- Born: 25 June 1922
- Died: 25 December 2012 (aged 90) Riyadh, Saudi Arabia
- Spouse: Khalid of Saudi Arabia
- Issue: List Princess Jawhara; Princess Nouf; Princess Moudi; Princess Hussa; Princess Al Bandari; Princess Meshael; Prince Faisal;
- House: Al Saud (by marriage)
- Father: Fahd bin Mohammed Al Damer
- Mother: Rifaa Shehitan Al Dhaen Al Ajami

= Seeta bint Fahd Al Damir =

Spouse of King Khalid of Saudi Arabia (1922–2012)

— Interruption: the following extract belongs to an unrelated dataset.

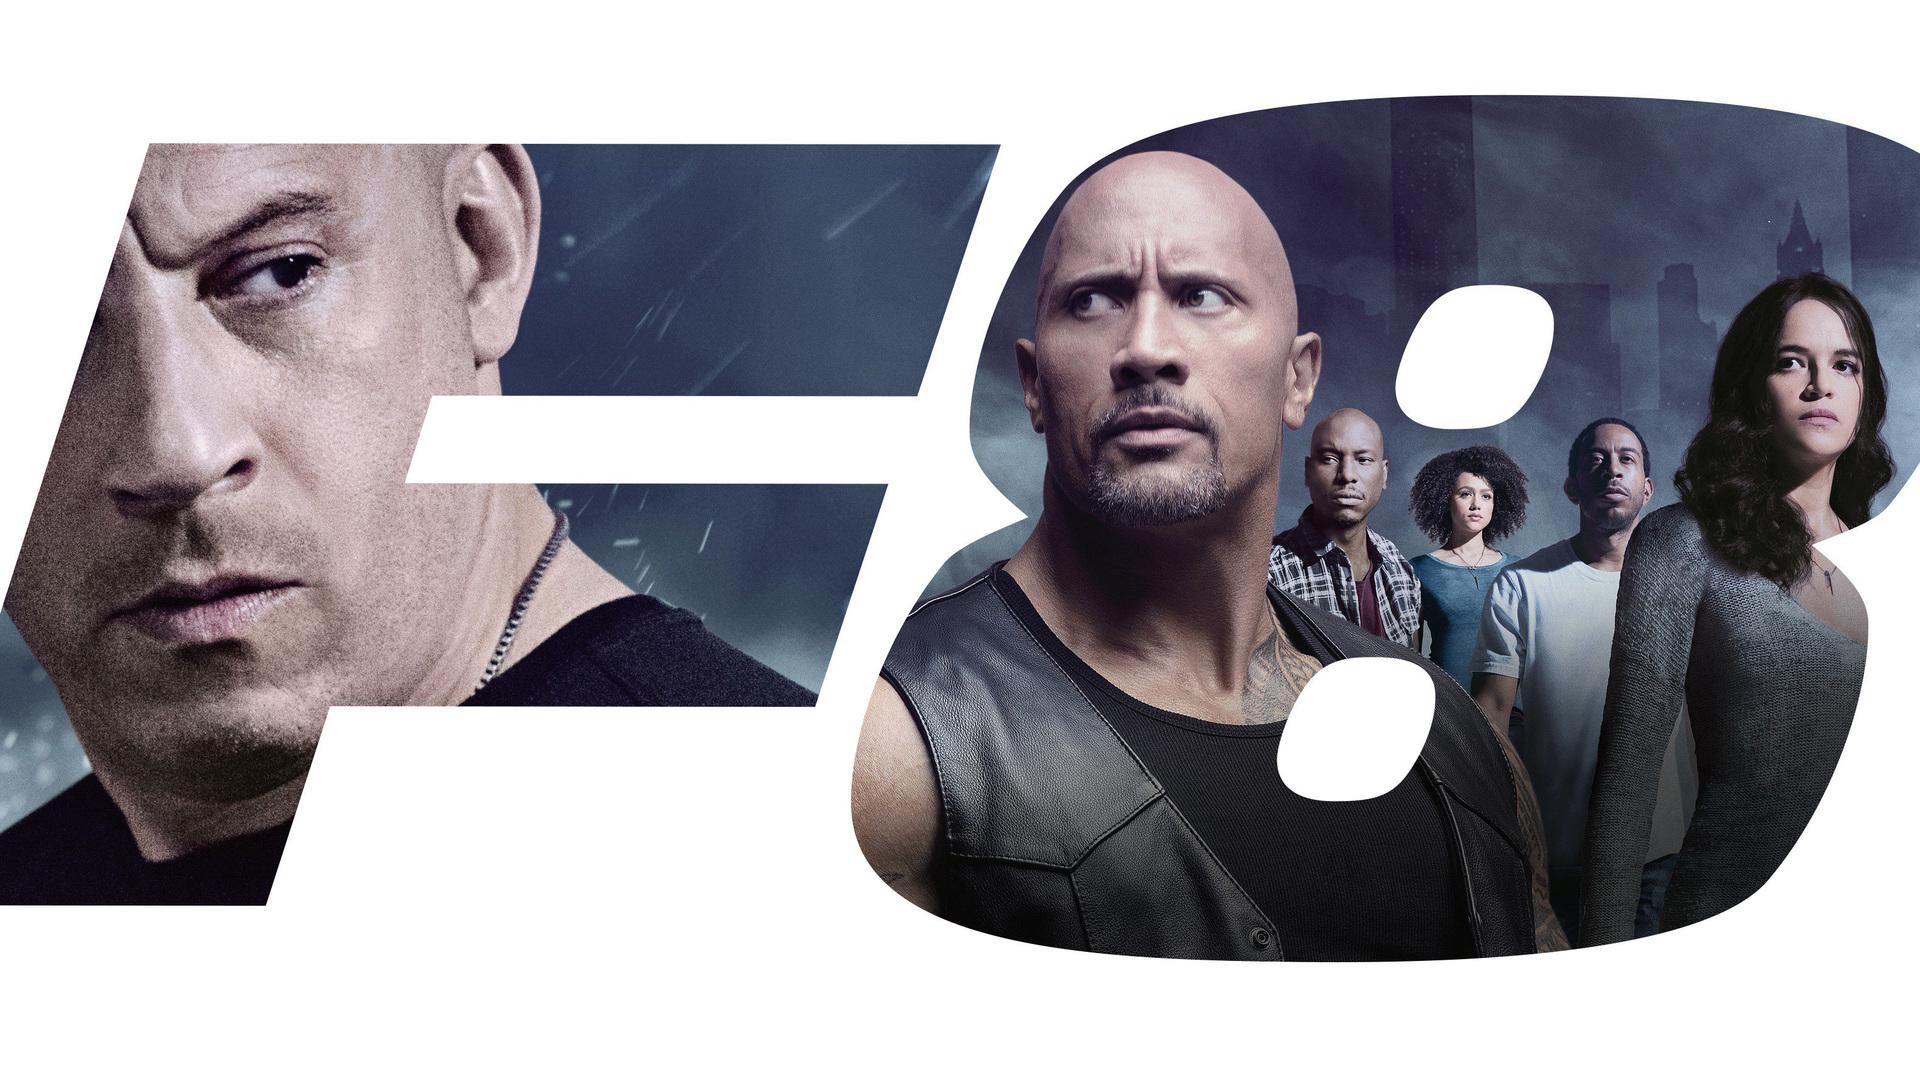 fast-8-the-fate-of-the-furious-qhd.jpg

Seeta bint Fahd Al Damer (صيتة بنت فهد الدامر; 25 June 1922 – 25 December 2012) was one of the spouses of King Khalid of Saudi Arabia.

==Early life==
Seeta was a member of the Ajman tribe based in Al Badiyah and a niece of Wasmiyah Al Damir, wife of Abdullah bin Jiluwi. Her parents were Fahd bin Abdullah Al Damir and Raisa Shehitan Al Dhaen Al Ajami. She had two brothers and five sisters. Her brother, Abdullah bin Fahd, was the leader of the Juda settlement of the Ajman tribe.

==Personal life==
From Seeta's marriage with Khalid, the couple had seven children: Jawhara, Nouf, Moudi, Hussa, Al Bandari, Mishaal and Faisal. Her daughter, Moudi bint Khalid, was a member of the Consultative Assembly between 2013 and 2016.

==Death==
Seeta bint Fahd died in Riyadh on 25 December 2012. The funeral ceremony was held after Asr prayer led by Abdulaziz Al Asheikh at Imam Turki bin Abdullah Mosque in Riyadh on 26 December 2012 with the attendance of senior Saudi officials, including then Crown Prince Salman bin Abdulaziz.